*** DATA BELOW

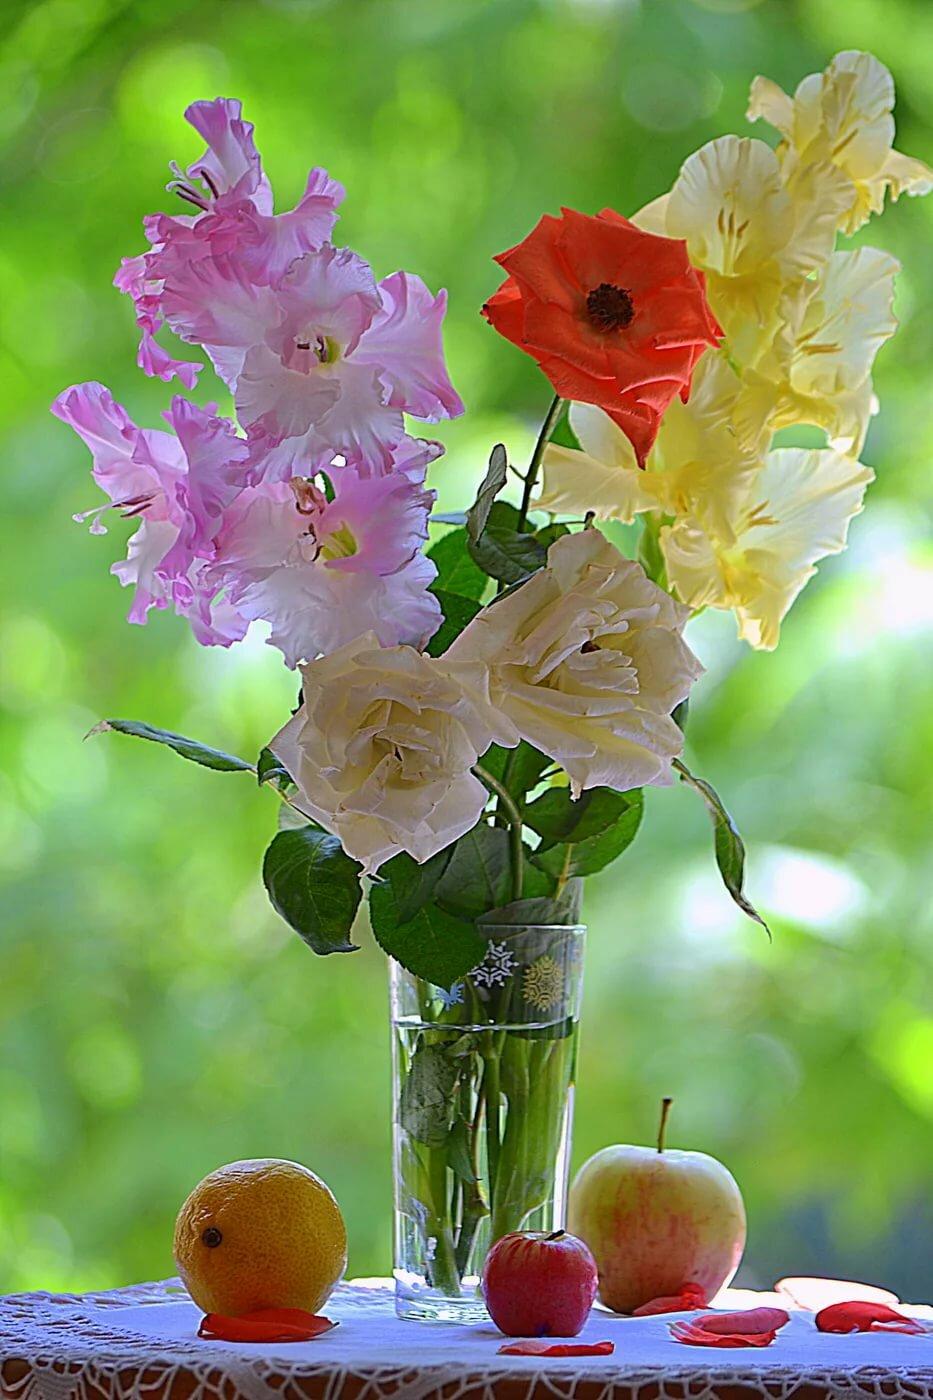 самом картинка вертикальная цветы доброе утро расположена степной центрально-западной
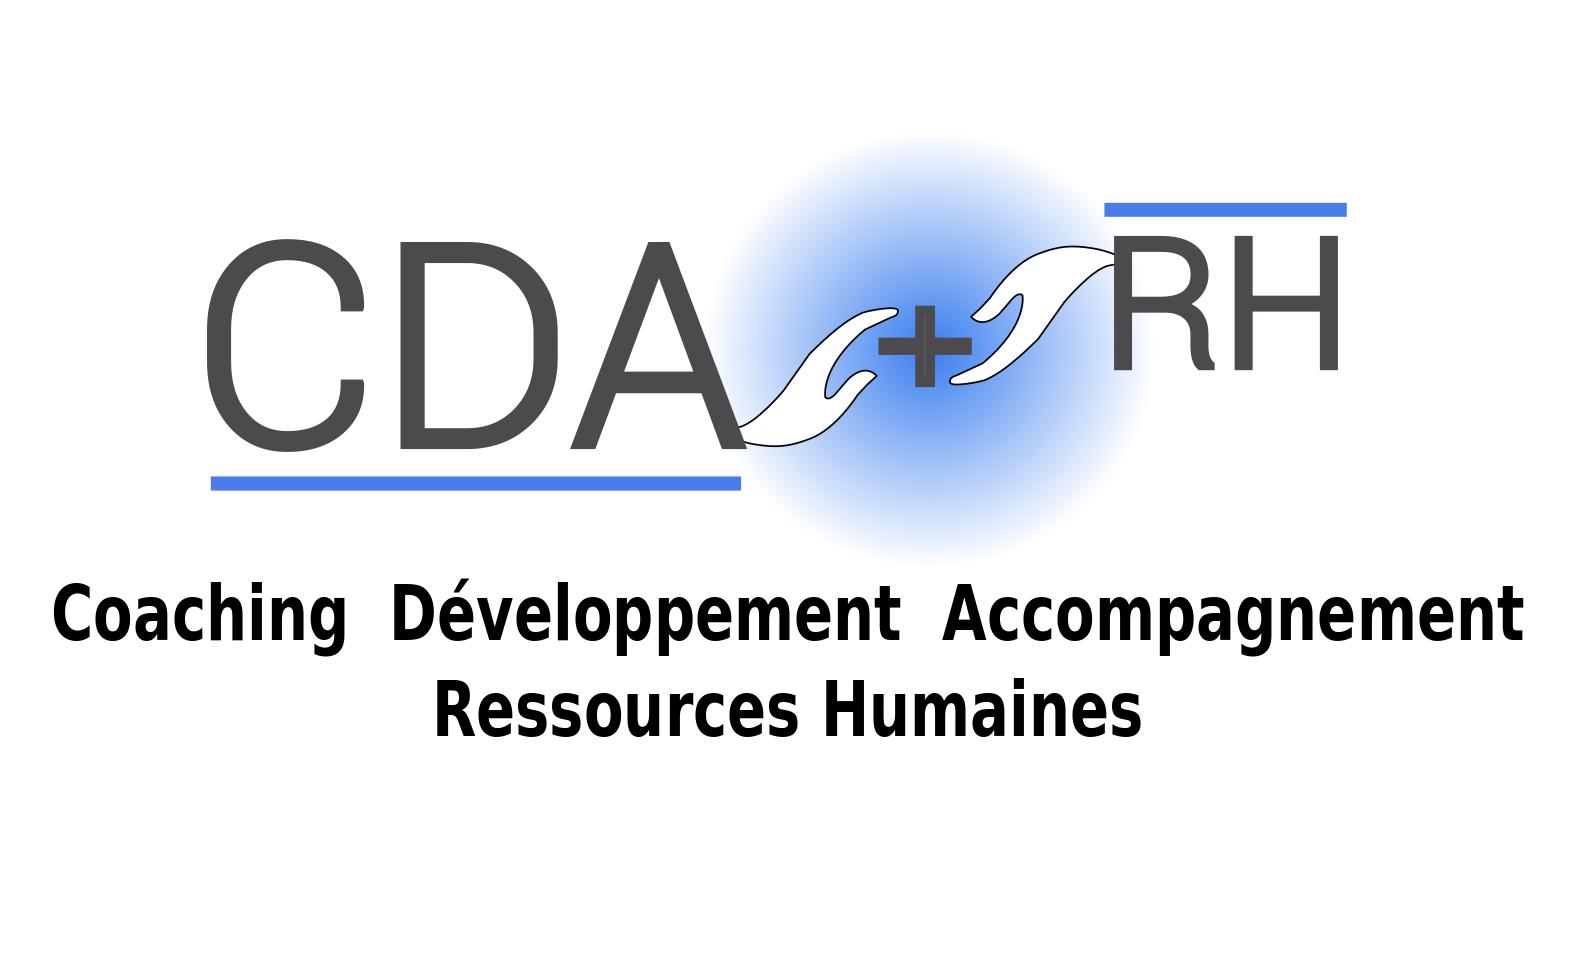 CDA+RH
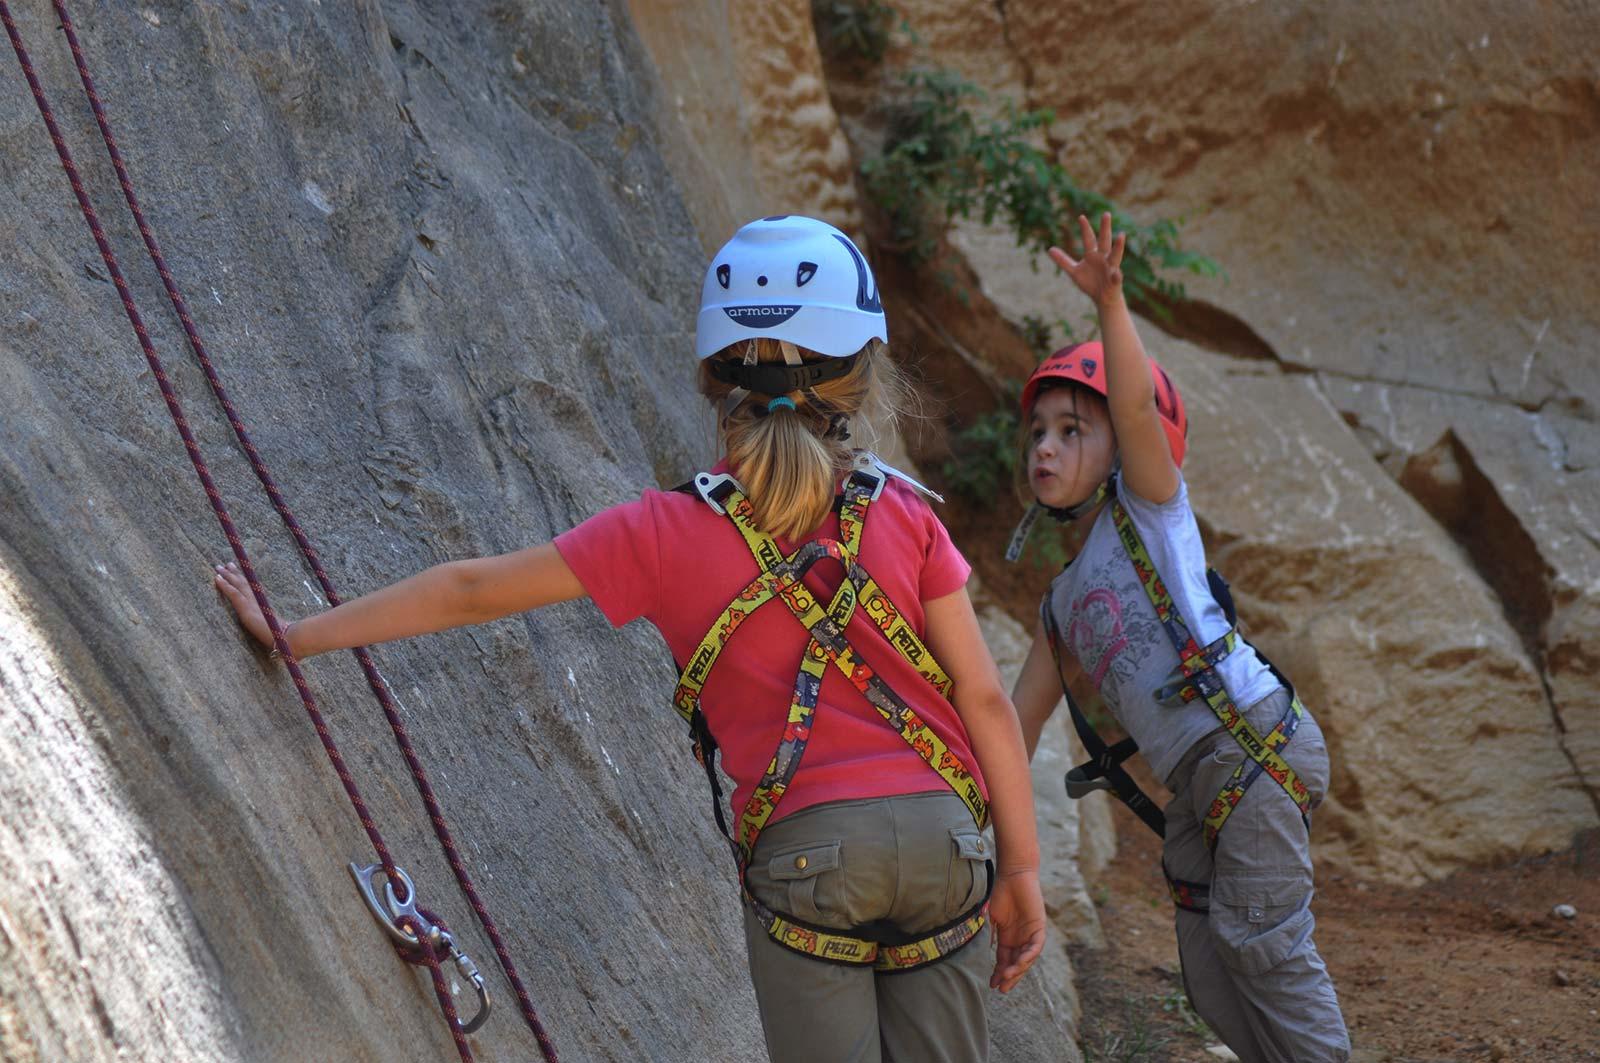 apprentissage de l'escalade|une bonne pause à l'escalade - Élément Terre

******

**EXERCISE DESCRIPTION:**
Without including any picture, reproduce the material above word for word.

**EXERCISE RESULT:**
 самом картинка вертикальная цветы доброе утро расположена степной центрально-западной
 CDA+RH
 apprentissage de l'escalade|une bonne pause à l'escalade - Élément Terre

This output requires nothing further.